To solve the problem, we need to find the ratio of the final momentum \( P \) when a force of 1 N acts on a 1 kg mass at rest for 1 second, to the final momentum \( P_1 \) when the same force acts on the mass through a distance of 1 m.
### Step 1: Calculate \( P \)
Using the formula for change in momentum:
\[
\Delta P = F \cdot t
\]
Given:
- Force \( F = 1 \, \text{N} \)
- Time \( t = 1 \, \text{s} \)
Substituting the values:
\[
\Delta P = 1 \, \text{N} \cdot 1 \, \text{s} = 1 \, \text{kg m/s}
\]
Thus, the final momentum \( P \) is:
\[
P = 1 \, \text{kg m/s}
\]
### Step 2: Calculate \( P_1 \)
Now, we need to calculate the final momentum \( P_1 \) when the same force acts through a distance of 1 m. We can use the work-energy principle, which states that the work done on an object is equal to the change in kinetic energy.

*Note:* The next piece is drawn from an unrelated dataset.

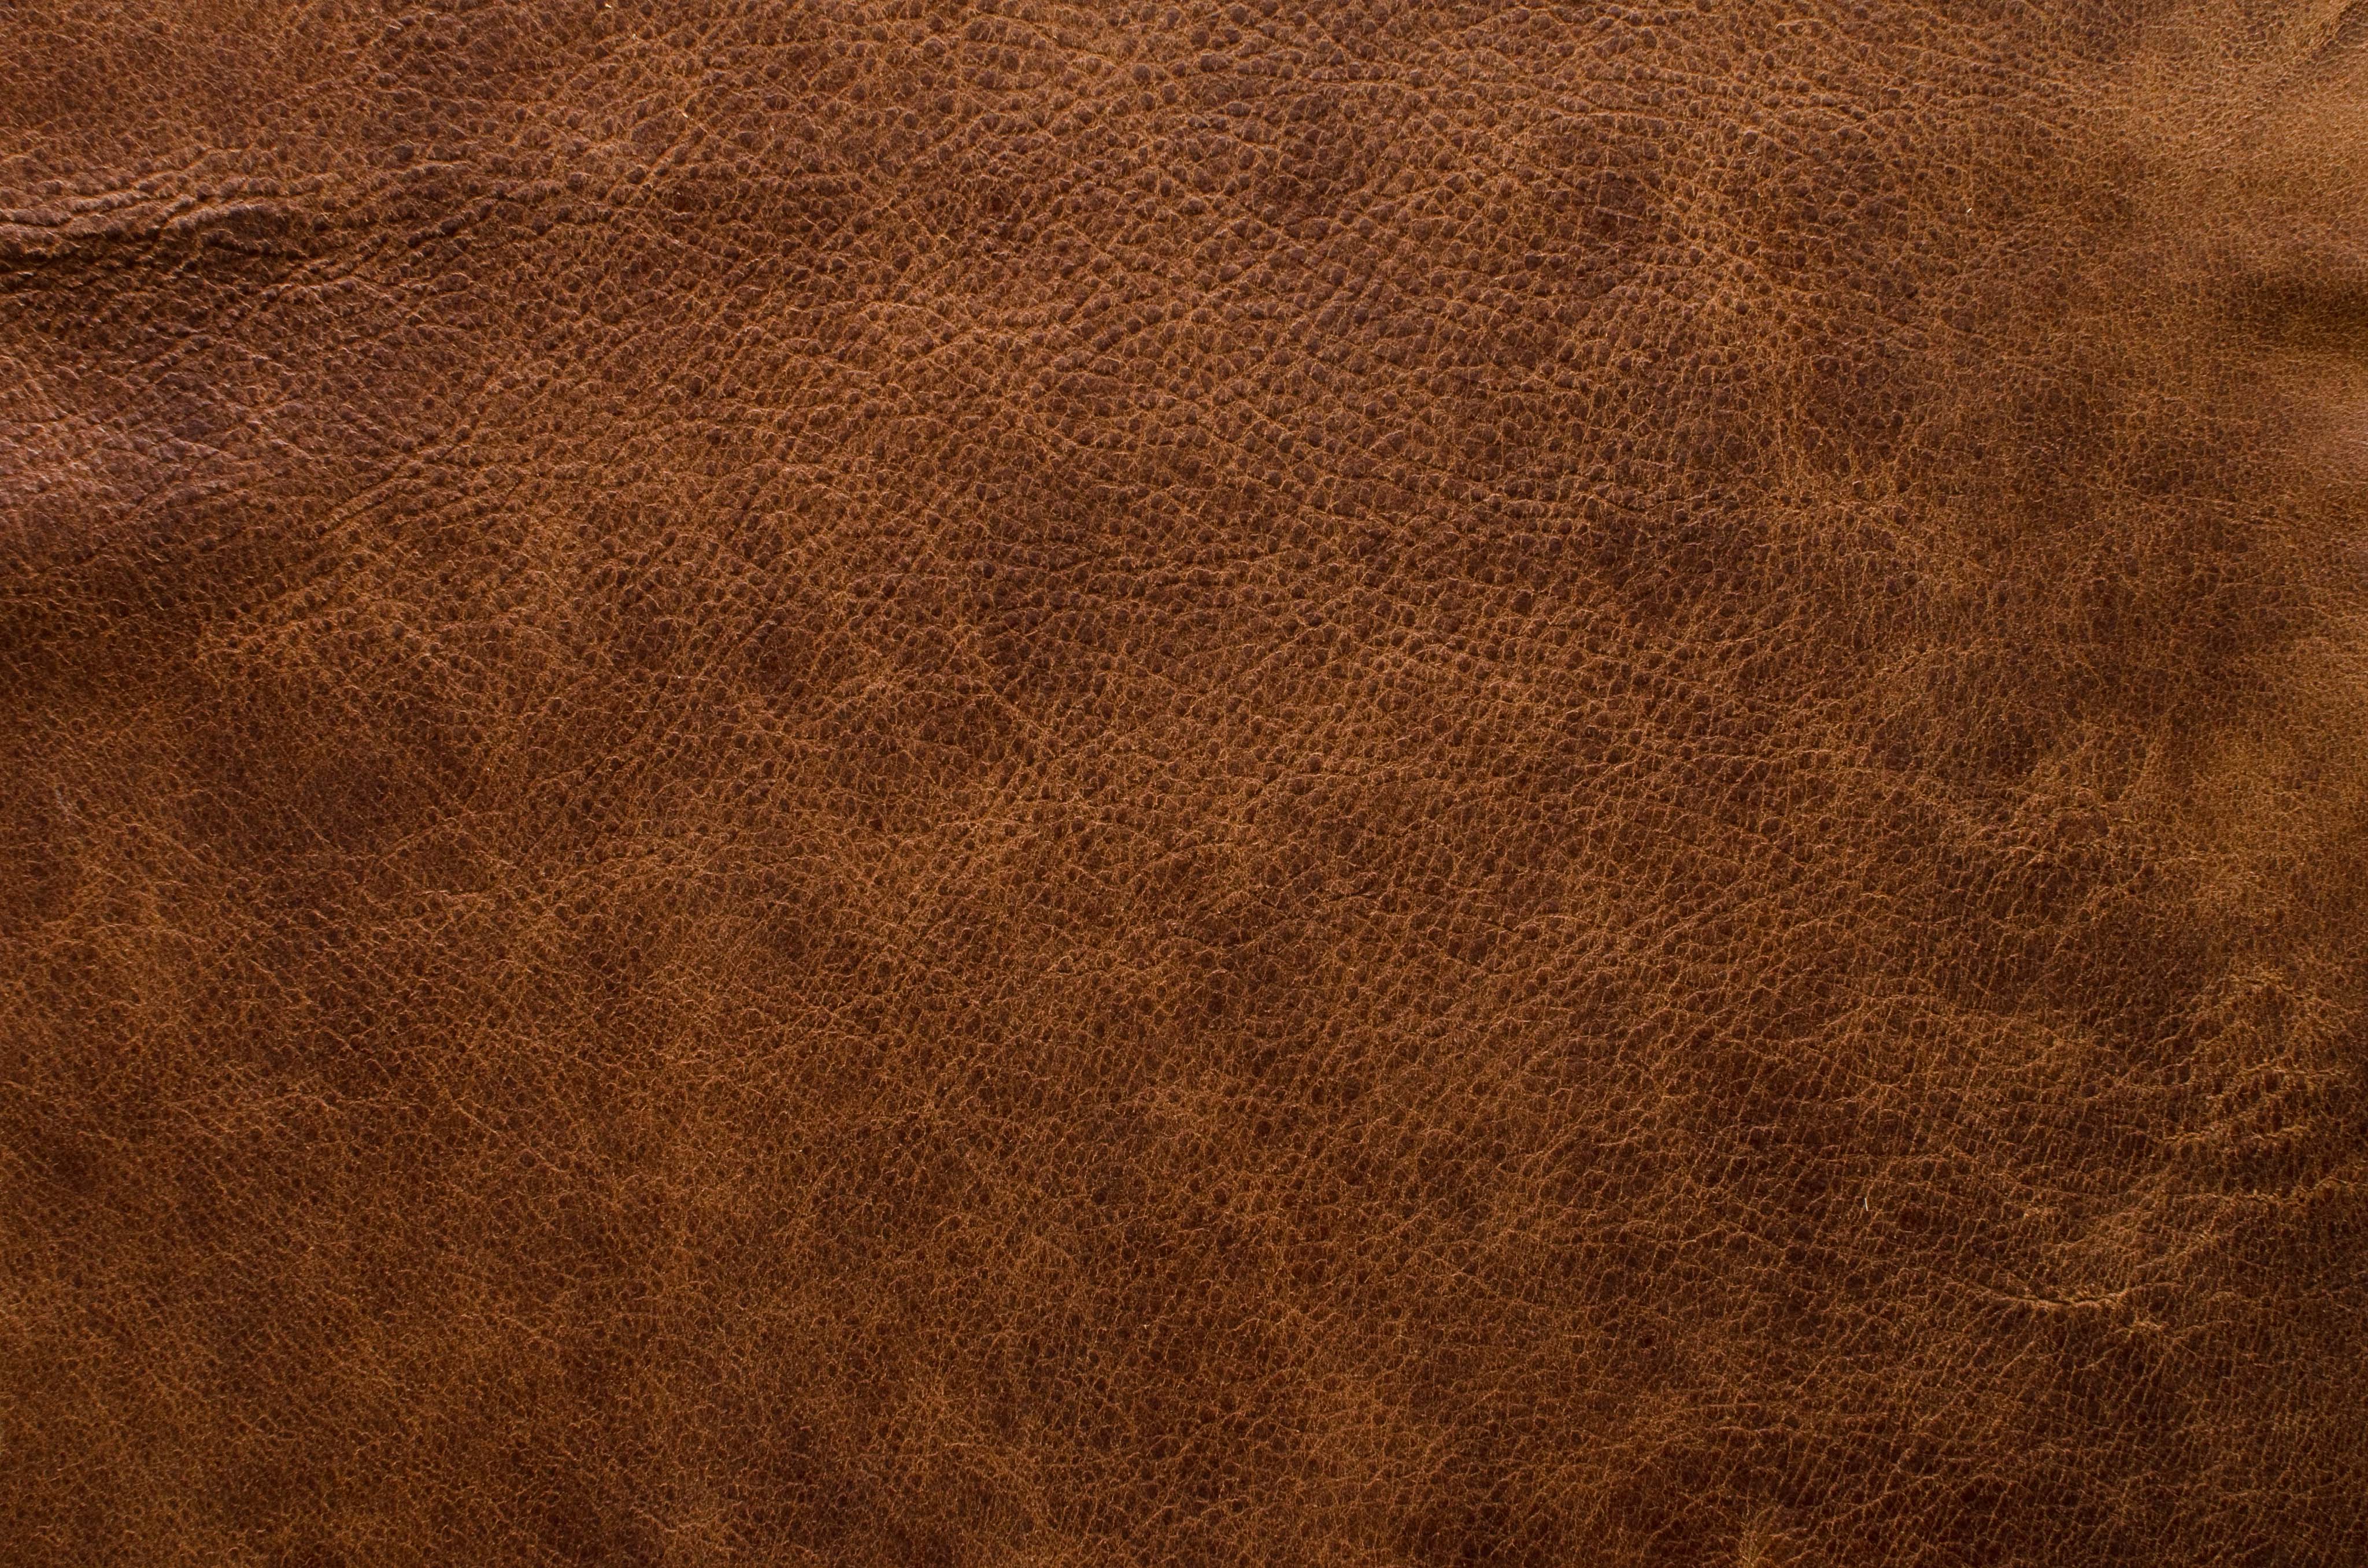 Free download Related image with Brown Leather Texture [4096x2713] for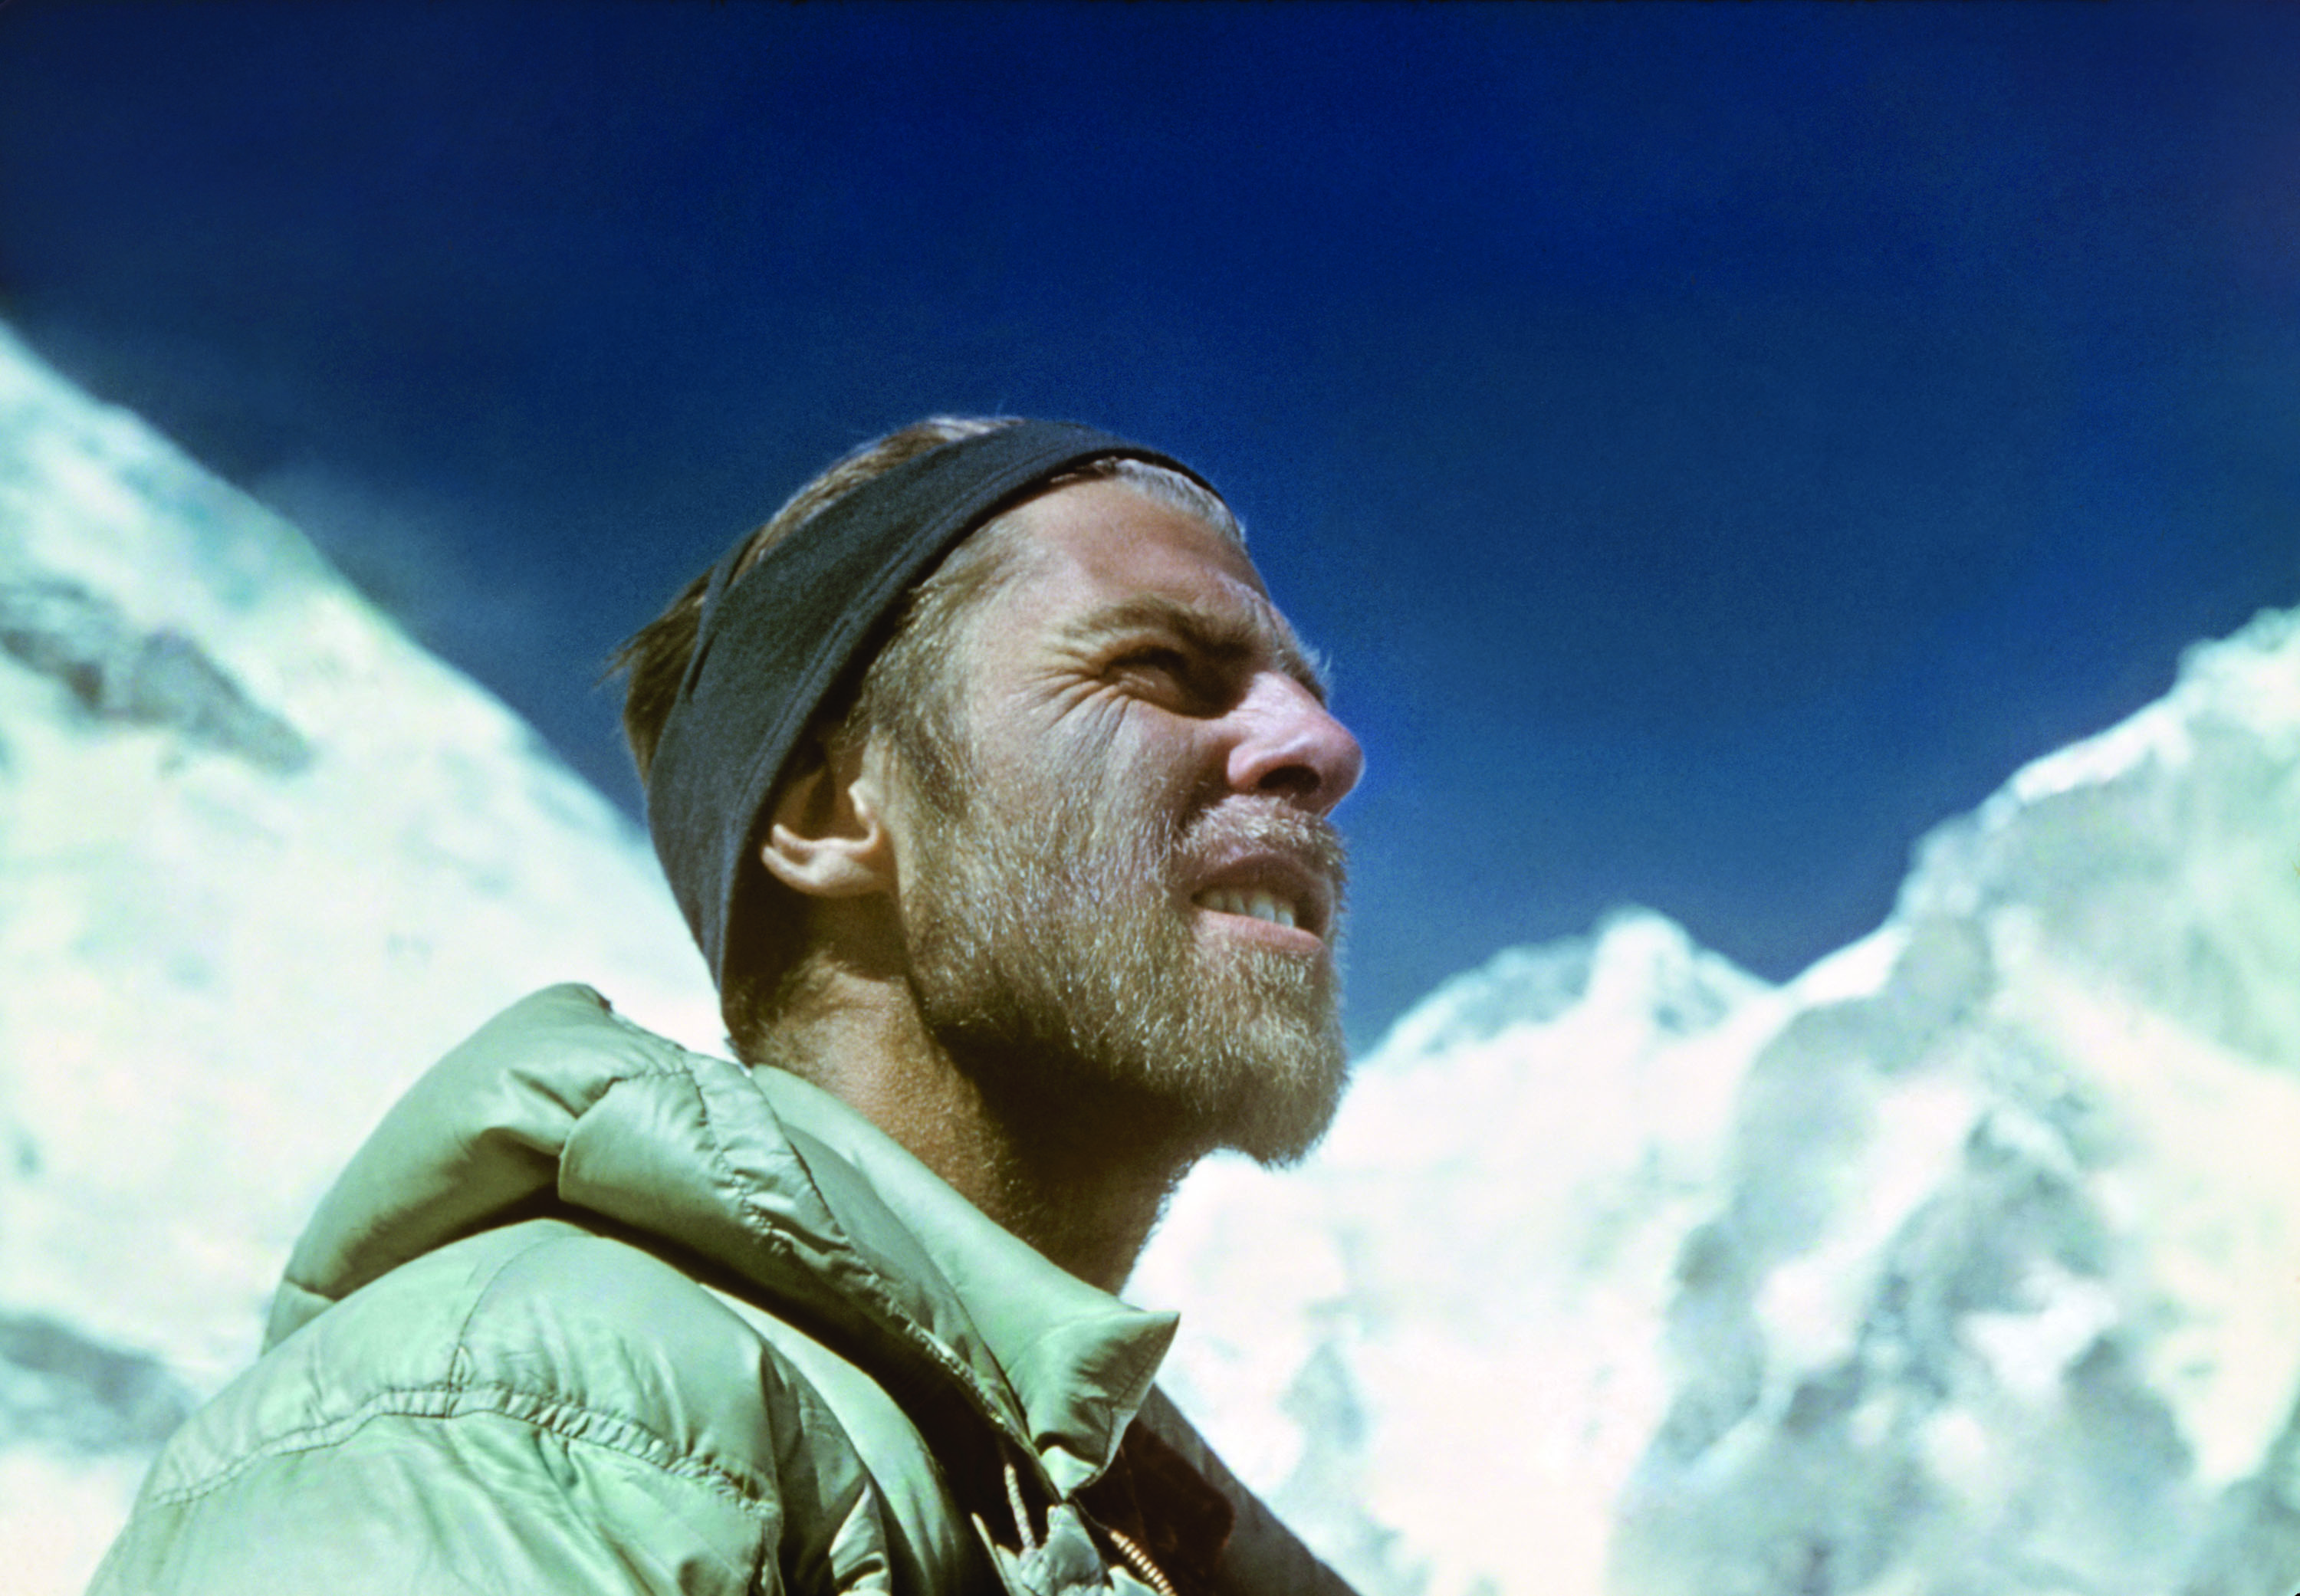 Mountainfilm Presents Dirtbag at Annual December 26 Film Night

The work done \( W \) is given by:
\[
W = F \cdot s
\]
Where:
- \( F = 1 \, \text{N} \)
- \( s = 1 \, \text{m} \)
Substituting the values:
\[
W = 1 \, \text{N} \cdot 1 \, \text{m} = 1 \, \text{J}
\]
Since the object starts from rest, the work done is equal to the kinetic energy gained:
\[
\frac{1}{2} mv^2 = W
\]
Substituting \( W = 1 \, \text{J} \) and \( m = 1 \, \text{kg} \):
\[
\frac{1}{2} \cdot 1 \cdot v^2 = 1
\]
Solving for \( v^2 \):
\[
v^2 = 2 \, \text{m}^2/\text{s}^2
\]
Thus, the final velocity \( v \) is:
\[
v = \sqrt{2} \, \text{m/s}
\]
Now, we can find the final momentum \( P_1 \):
\[
P_1 = mv = 1 \cdot \sqrt{2} = \sqrt{2} \, \text{kg m/s}
\]
### Step 3: Calculate the ratio \( \frac{P}{P_1} \)
Now, we can find the ratio of \( P \) to \( P_1 \):
\[
\frac{P}{P_1} = \frac{1 \, \text{kg m/s}}{\sqrt{2} \, \text{kg m/s}} = \frac{1}{\sqrt{2}}
\]
### Step 4: Simplify the ratio
To express the ratio in a more understandable form:
\[
\frac{P}{P_1} = \frac{1}{\sqrt{2}} = \frac{\sqrt{2}}{2}
\]
Thus, the ratio \( P : P_1 \) can be expressed as:
\[
1 : \sqrt{2}
\]
### Final Answer
The ratio of \( P \) to \( P_1 \) is \( 1 : \sqrt{2} \).